Every line of the data should be written out exactly, with the pictures left out.

SUPPLIED DATA:
::::::::::

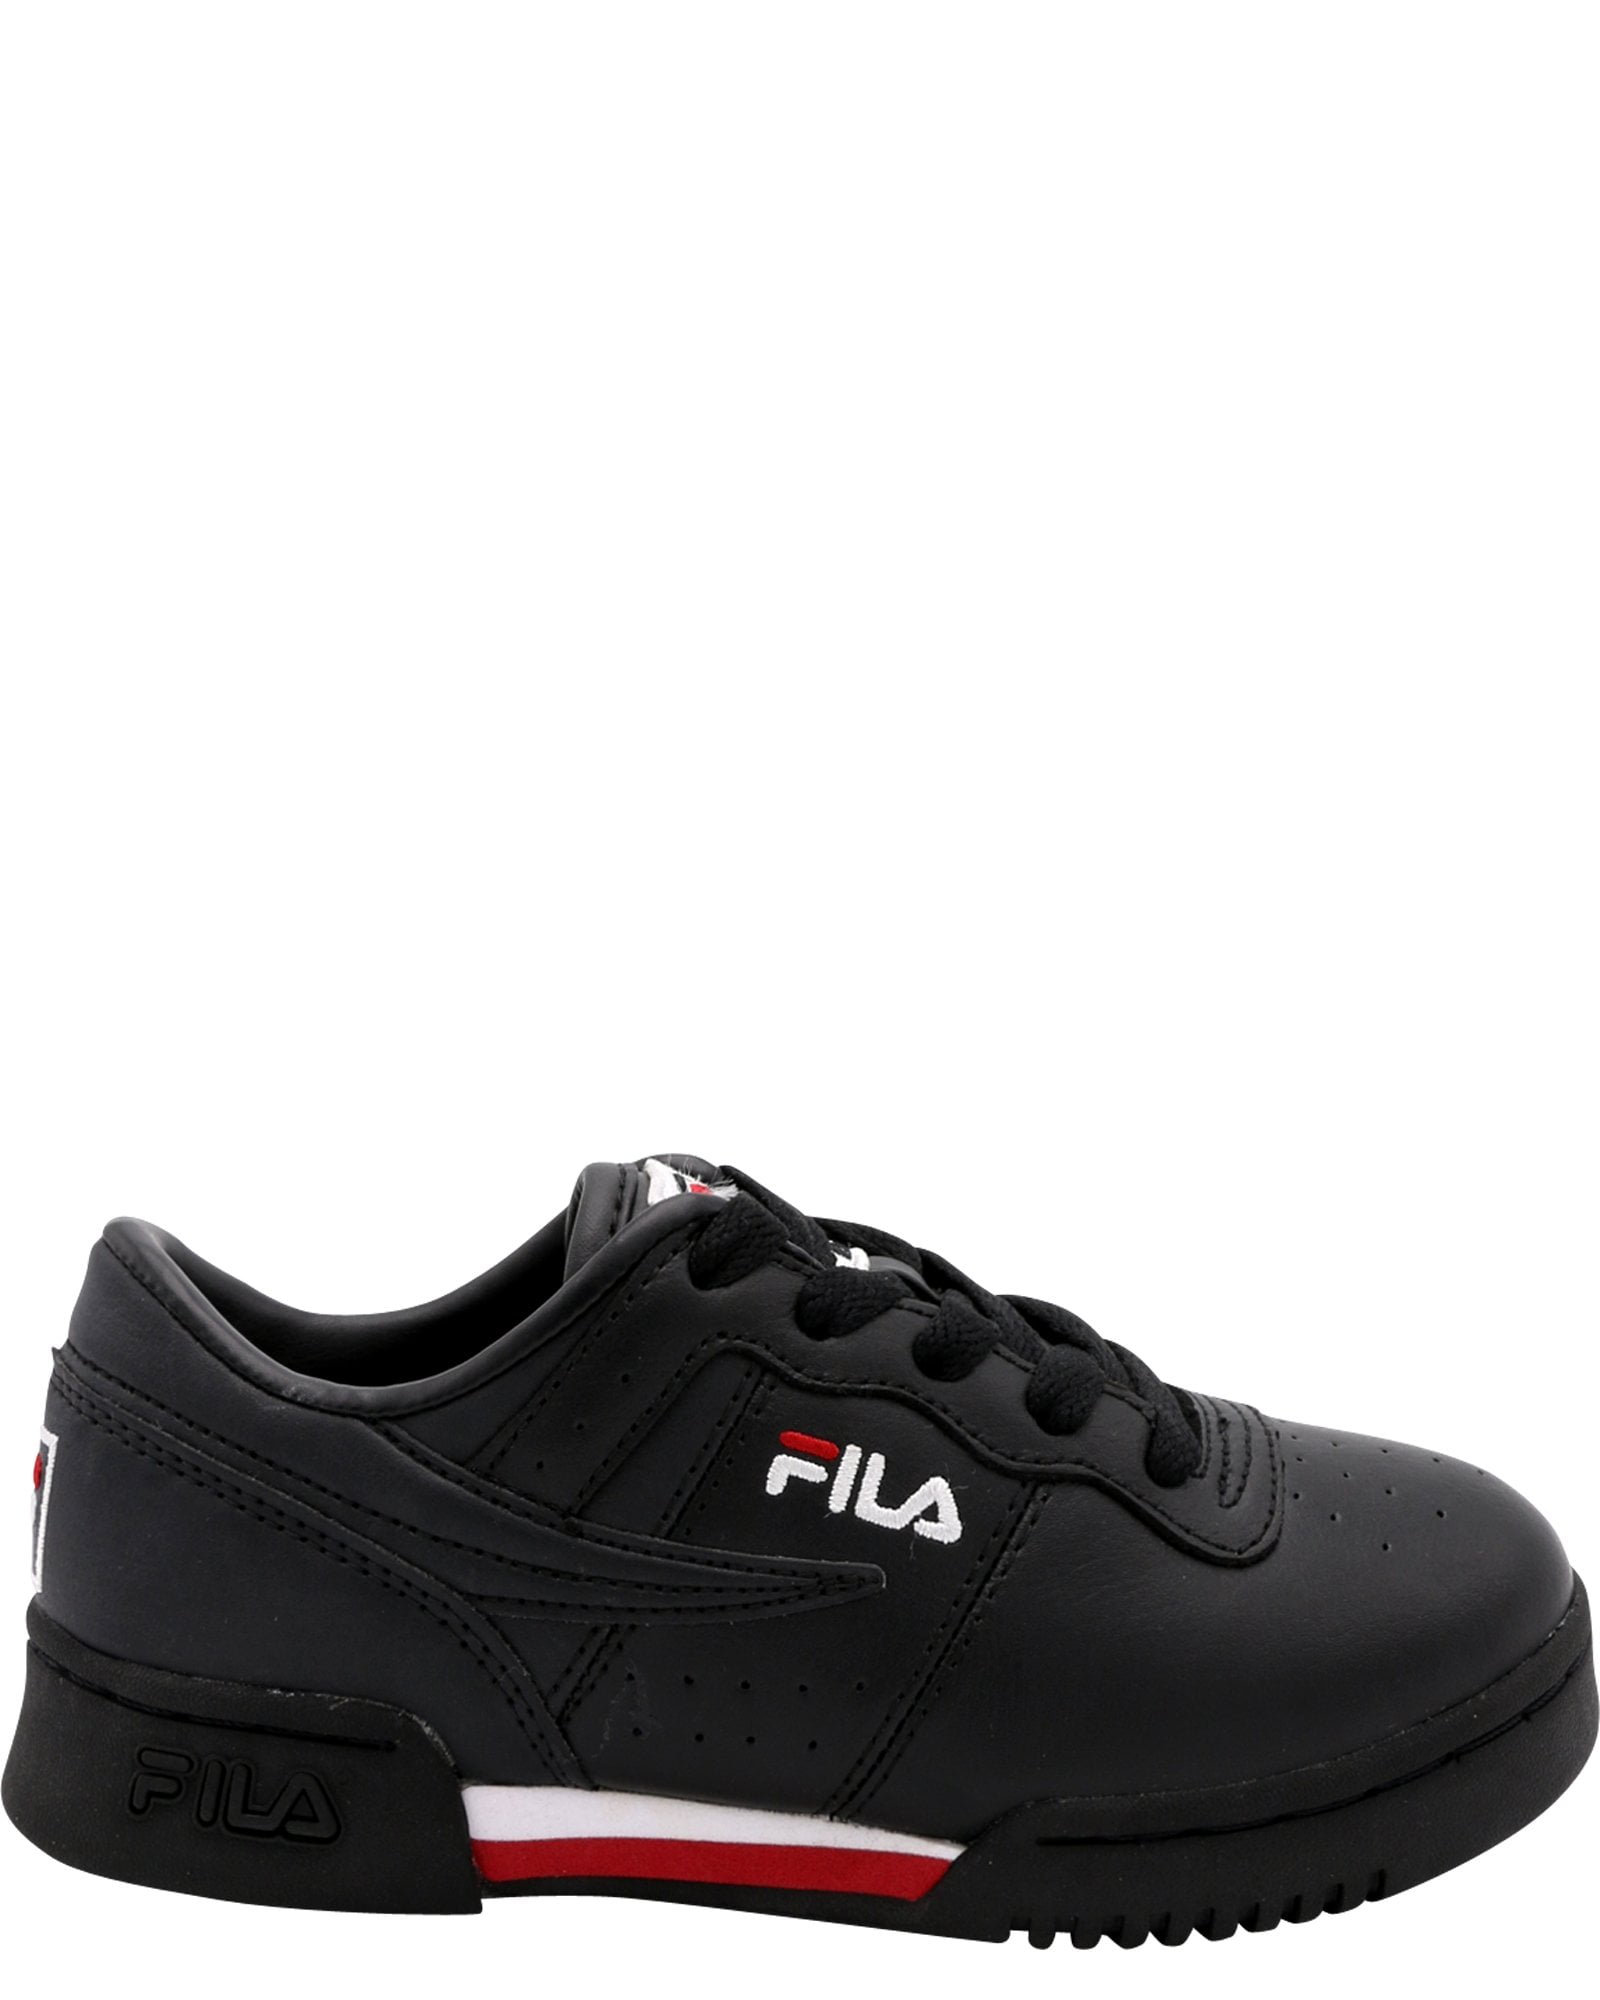 fila shoes low cut
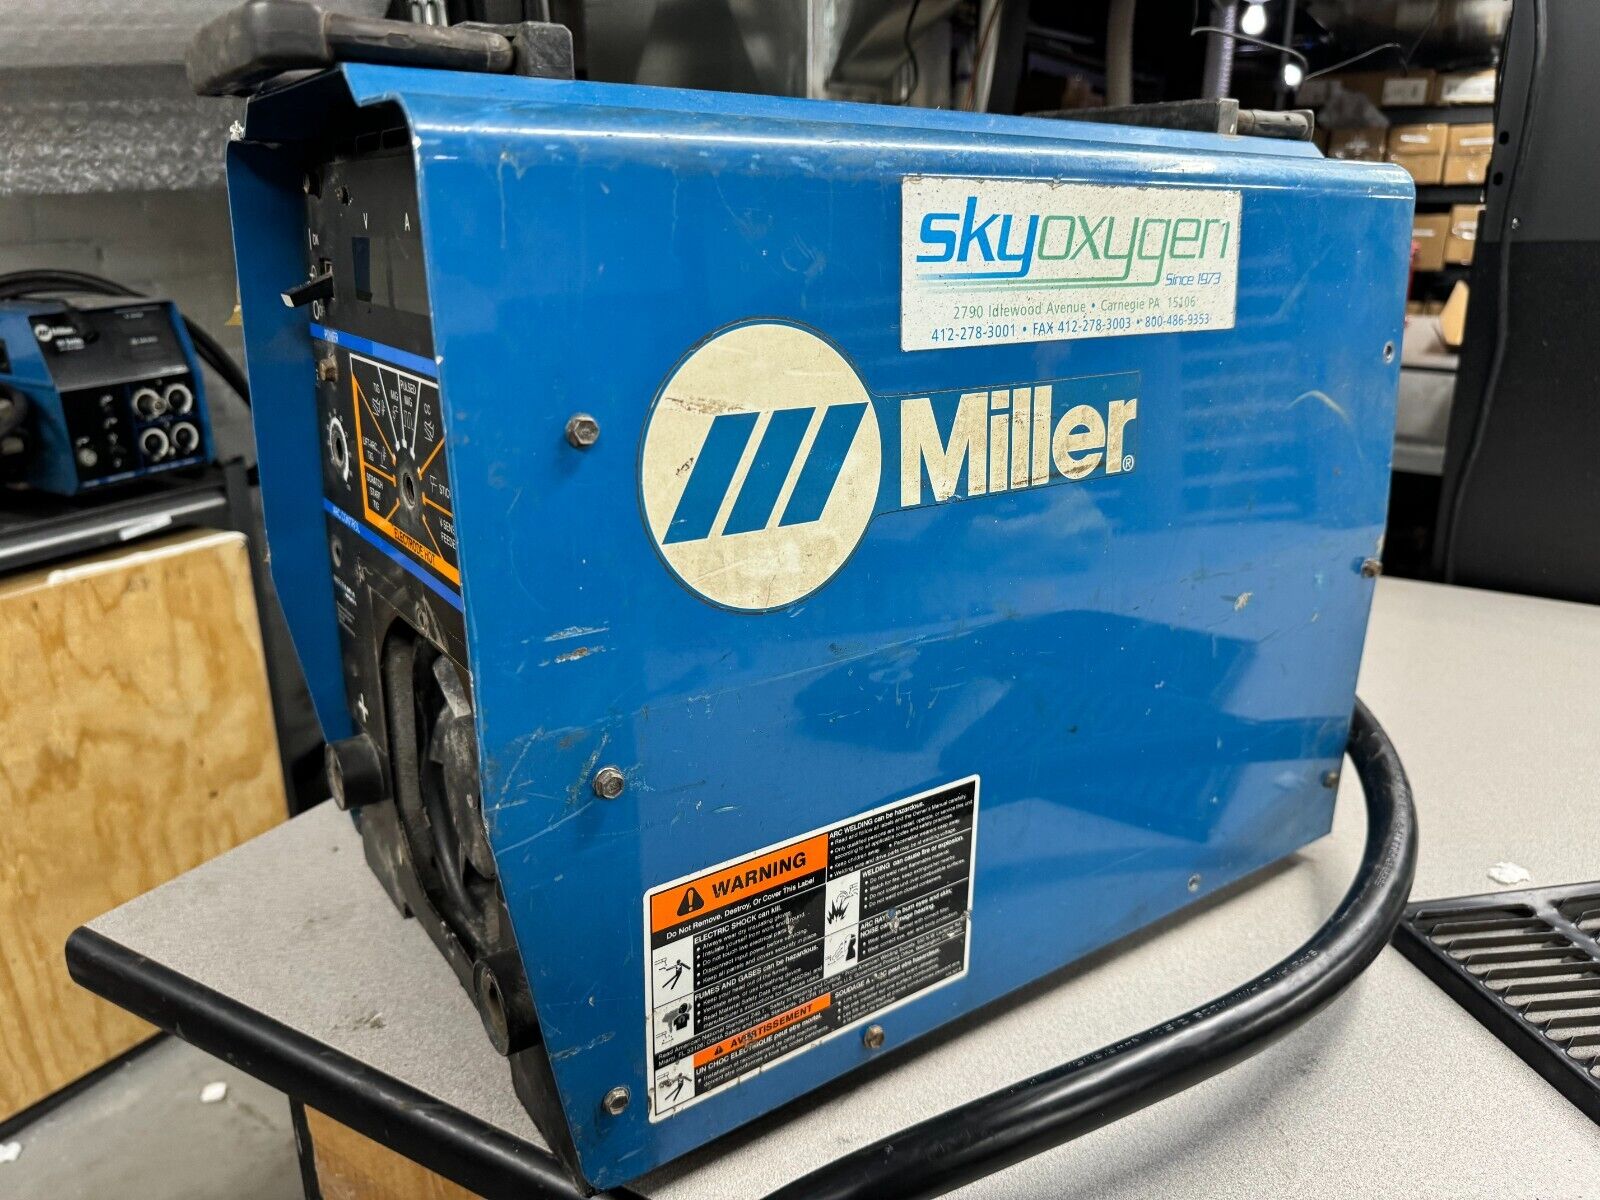 Miller XMT 304 CC DC Inverter Arc Welder - AS is / for parts
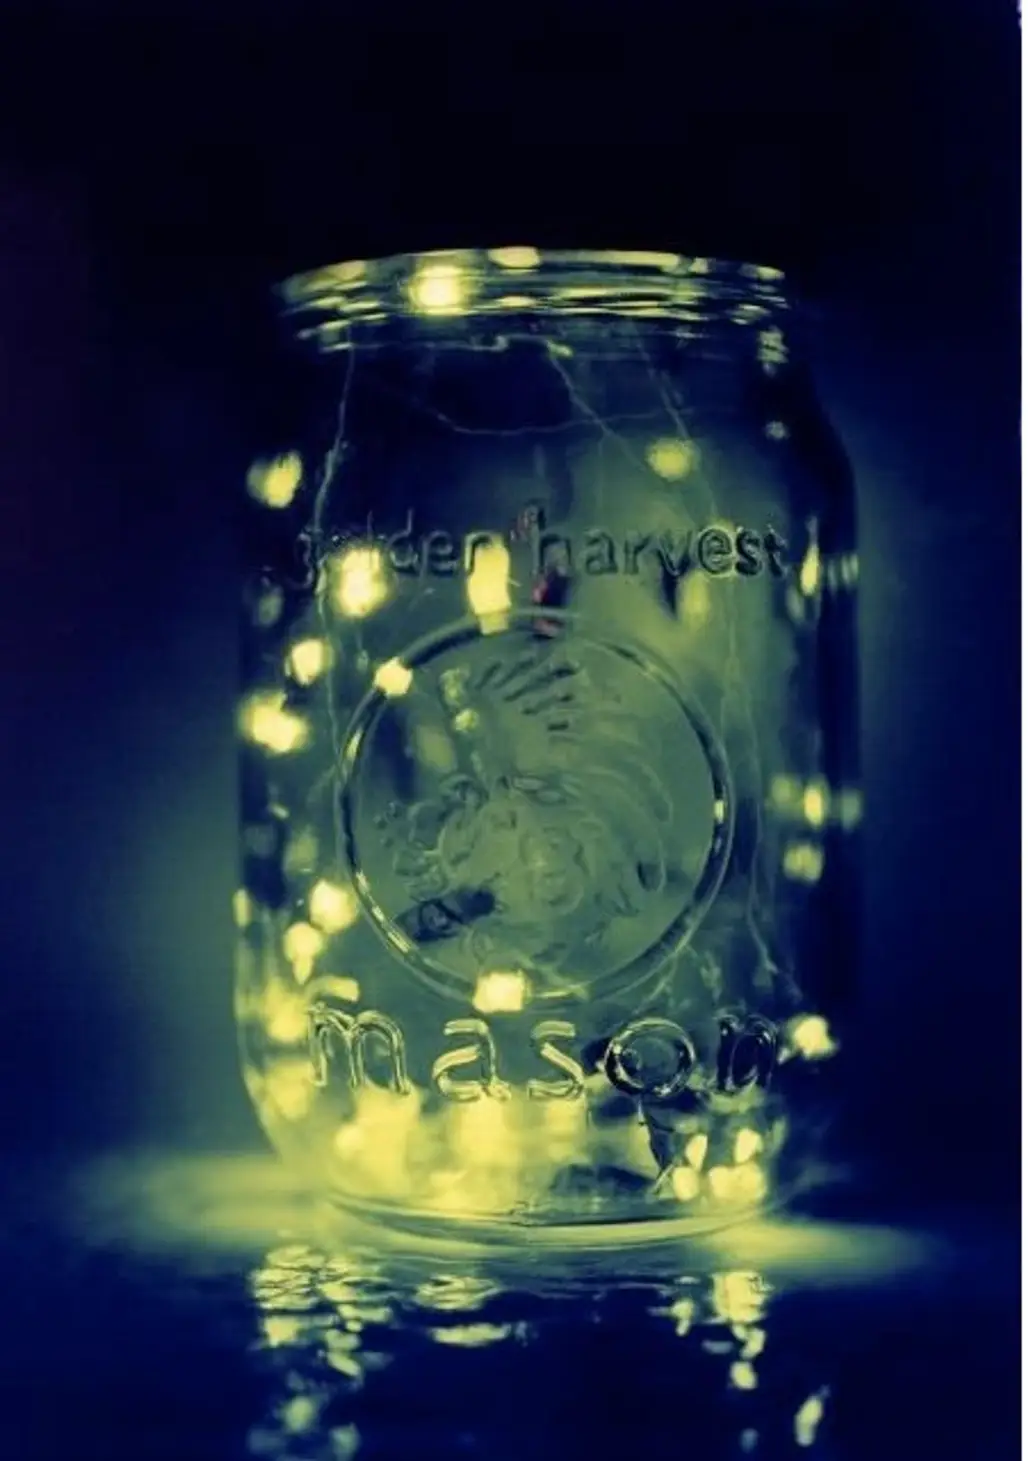 Catch Fireflies in a Jar

::::::::::

FINISHED TASK:
 fila shoes low cut
 Miller XMT 304 CC DC Inverter Arc Welder - AS is / for parts
 Catch Fireflies in a Jar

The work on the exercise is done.